Using Cross-Device Authentication

Passkeys are not limited to the platform. There are other ways to log in with passkeys, as illustrated by the following Chrome and Safari screenshots. One of these is cross-device authentication (CDA), by choosing the option to login using a smartphone or tablet. In this flow, the browser displays a QR code that the user can scan with their mobile phone’s camera. Then the devices communicate via Bluethooth to let the user sign in with the passkey from the mobile device.

Using External Passkeys

One security concern with platform passkeys is that if the user's account is compromised, and passkeys are backed up to the cloud, a malicious party might gain access to the user's passkeys. To protect against this, users should ensure strong device and account authentication.

An alternative option is to log in using a FIDO security key, configured with a PIN. These produce device-bound passkeys where the private key is guaranteed to never leave the device. As a backup solution users can keep a secondary FIDO security key, with additional passkeys for each of the applications that they have registered with.

The user can take their security key with them and use it at many devices, such as by plugging it into a USB socket or using near field communication (NFC) on a mobile device.

Using Passkeys in Native Mode

For a purely native user experience in mobile apps, integrate passkeys outside the system browser with native SDKs that call native APIs. The operating system provides these APIs, and also the system screens for the user interaction.

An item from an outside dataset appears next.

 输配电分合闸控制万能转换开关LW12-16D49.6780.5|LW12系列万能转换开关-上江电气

Passkeys in an OAuth Architecture

When a client uses OAuth, it runs an OpenID Connect Code Flow to begin passkeys authentication. Doing so outsources the complexity to the authorization server, which implements the passkeys authentication, in a way that can be used by multiple clients. Once passkeys authentication is complete, each client then receives a set of OAuth tokens and can call its APIs with the correct security.

In the OpenID Connect Code Flow, the authorization server redirects the browser to authentication forms that implement the required JavaScript code for the passkeys authentication. The passkeys form invokes the WebAuthn API of the browser, that generates a signature with the private key of the passkey. The form then forwards the signature to the authorization server, which performs the cryptographic verification using the user’s registered public key.

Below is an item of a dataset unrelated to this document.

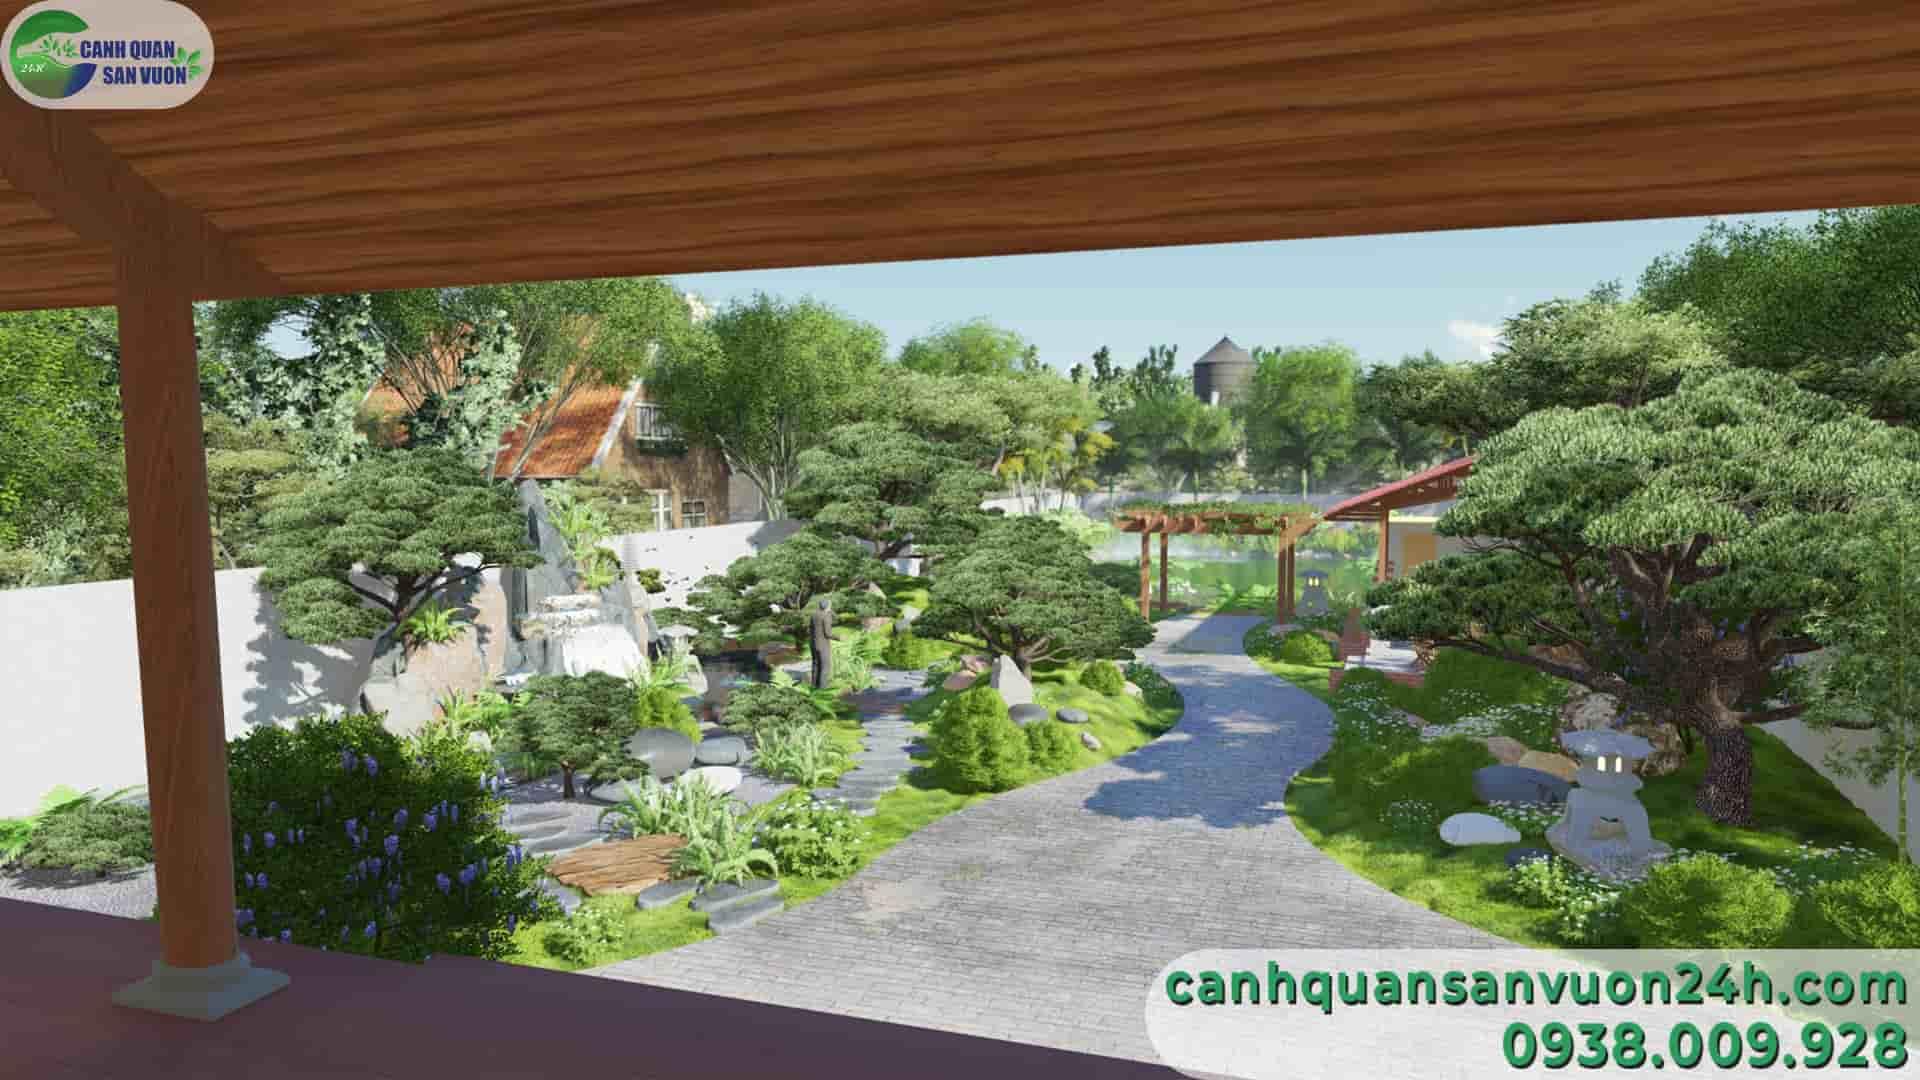 góc nhìn từ trong nhà dự án thiết kế sân vườn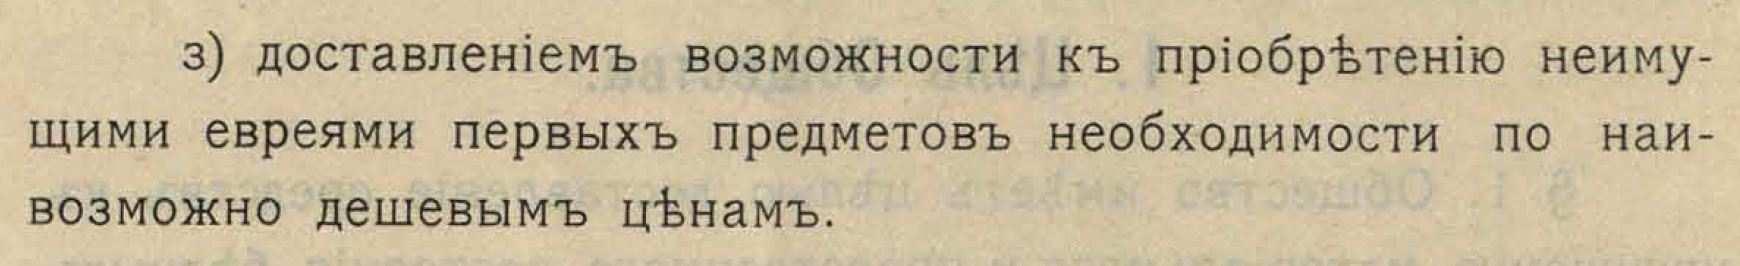 Рис.009

By default, OAuth utilizes the system browser and not native passkey APIs for interactive user authentication. To implement native passkey logins, the authorization server can implement OpenID Connect in an API driven manner, and provide a client side SDK. The SDK can avoid opening the system browser, and instead call native WebAuthn APIs:

Passkeys in the Curity Identity Server

The Curity Identity Server supports both of the above flows. The Passkeys Tutorial shows how to configure passkeys authentication. For browser use cases, simply enable the authentication method for clients. You can also implement Native Passkeys in Mobile Apps, using the Hypermedia Authentication API (HAAPI) and its client SDK. In this case the Curity Identity Server also hosts the required mobile asset files.

How to Integrate Passkeys

If you are already using an OAuth architecture, adding support for passkeys authentication should be straightforward. This can be done with full reliability and considerable benefits in user experience. You do however need to understand some technology limitations and how to manage them. The Passkeys - Design your Solution article summarizes the main behaviors and provides some recommdations.

Conclusion

Passkeys provide a cutting edge blend of strong security and modern usability. We recommend that you support passkeys authentication in your applications, since they eliminate password related attack vectors, which benefits both users and organizations. Implement passkeys authentication in the context of an OAuth flow, so that, once authentication is complete, API access continues to work in the standard way.